Semua masalah diatas ialah tamparan yang keras bagi dunia pendidikan, harusnya para pembuat kebijakan lah yang lebih mencicipi sakit dari pada mereka. Luka fisik bisa segera disembuhkan dengan derma medis, namun bagaimana moral mereka, psikis mereka ketika harus kembali berdiri dihadapan anak didik mereka. Apa yang harus dilakukan ketika mereka harus menjumpai, anak didik yang “sulit diatur, sering melanggar tata tertib sekolah, tidak mengerjakan tugas-tugas sekolah dll”, sedangkan diatas mereka aturan dan undang-undang terus mengintai mereka. Meskipun dari sebagian besar masalah hasilnya para guru tersebut dibebaskan lantaran tidak terbukti bersalah atau eksekusi yang mereka berikan masih dalam taraf eksekusi yang mendidik dan tidak menyakitkan. Peristiwa memprihatinkan tersebut menciptakan Komisi X dewan perwakilan rakyat mendesak Pemerintah untuk mengeluarkan Peraturan Pemerintah (PP) Terkait proteksi guru sebagai tindak lanjut dari pasal 30 ayat 2 UU no 14 tahun 2005 perihal guru dan dosen. Karena hampir semua undang-undang yang dipakai oleh aturan untuk menjerat para guru itu ialah UU Perlindungan Anak.

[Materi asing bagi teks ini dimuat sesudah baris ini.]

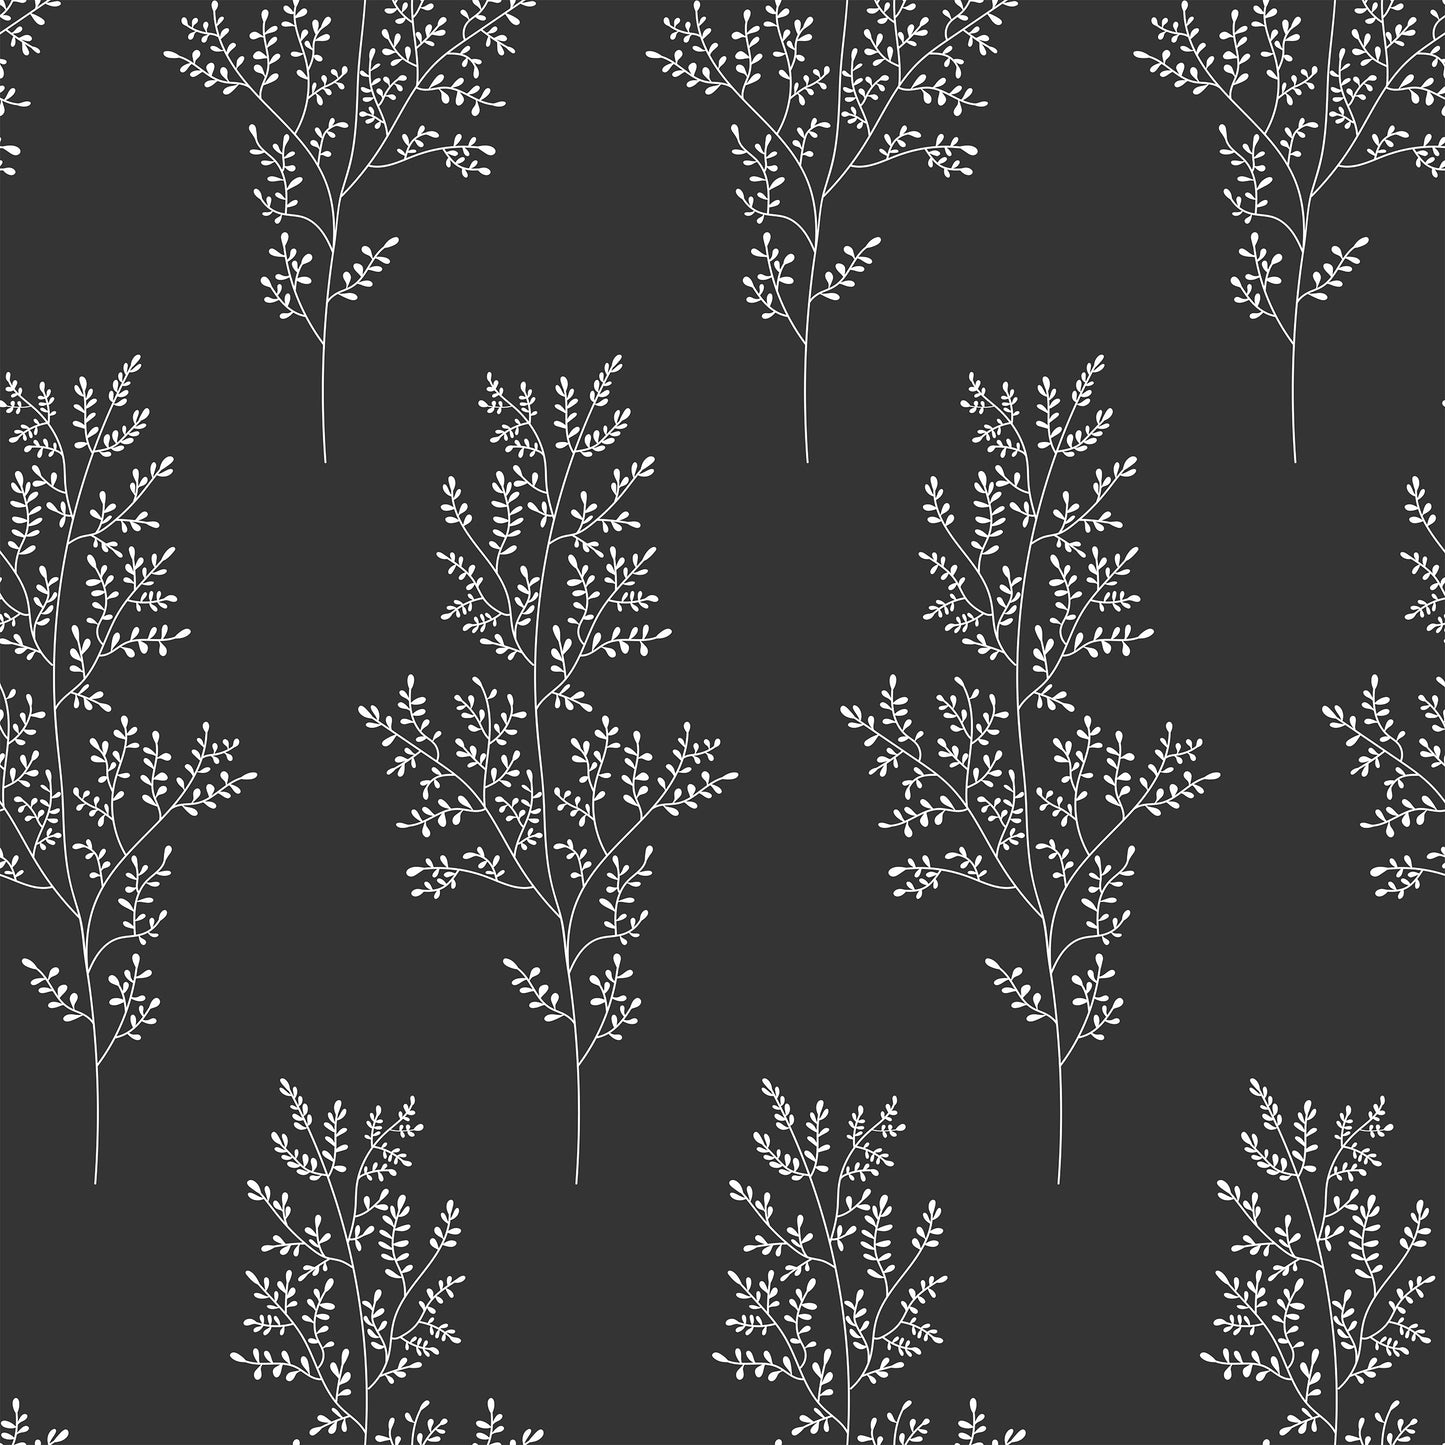 PVC-free peel & stick wallpaper for a sustainable choice

Bagaimanapun, kita tak bisa menolak realitas, bahwa gurupun hakikatnya adalah output dari sistem pendidikan. Guru ialah warga negara yang melewati aneka macam jenjang pendidikan yang menghantarkannya menjadi guru. Maka dari itu, etis kalau dikatakan bahwa penyebab rendahnya kualitas guru berpulang dari Sistem Pendidikan yang gagal.
Bila Guru mempunyai visi yang sejalan dengan orientasi Ideologi Kapitalisme, maka output-nya tentu selalu bisa untuk diprediksi. Guru secara berulang dibimbing untuk menelurkan sumber daya yang sama. Sumber daya insan yang berpengaruh dalam kognisi, handal menjadi teknisi, berdaya saing di tengah dunia indutsri, namun tak nampak padanya kepribadian islami. Siklus ini akan berulang selama sistem pendidikan masih bertolak pada ideologi Kapitalisme.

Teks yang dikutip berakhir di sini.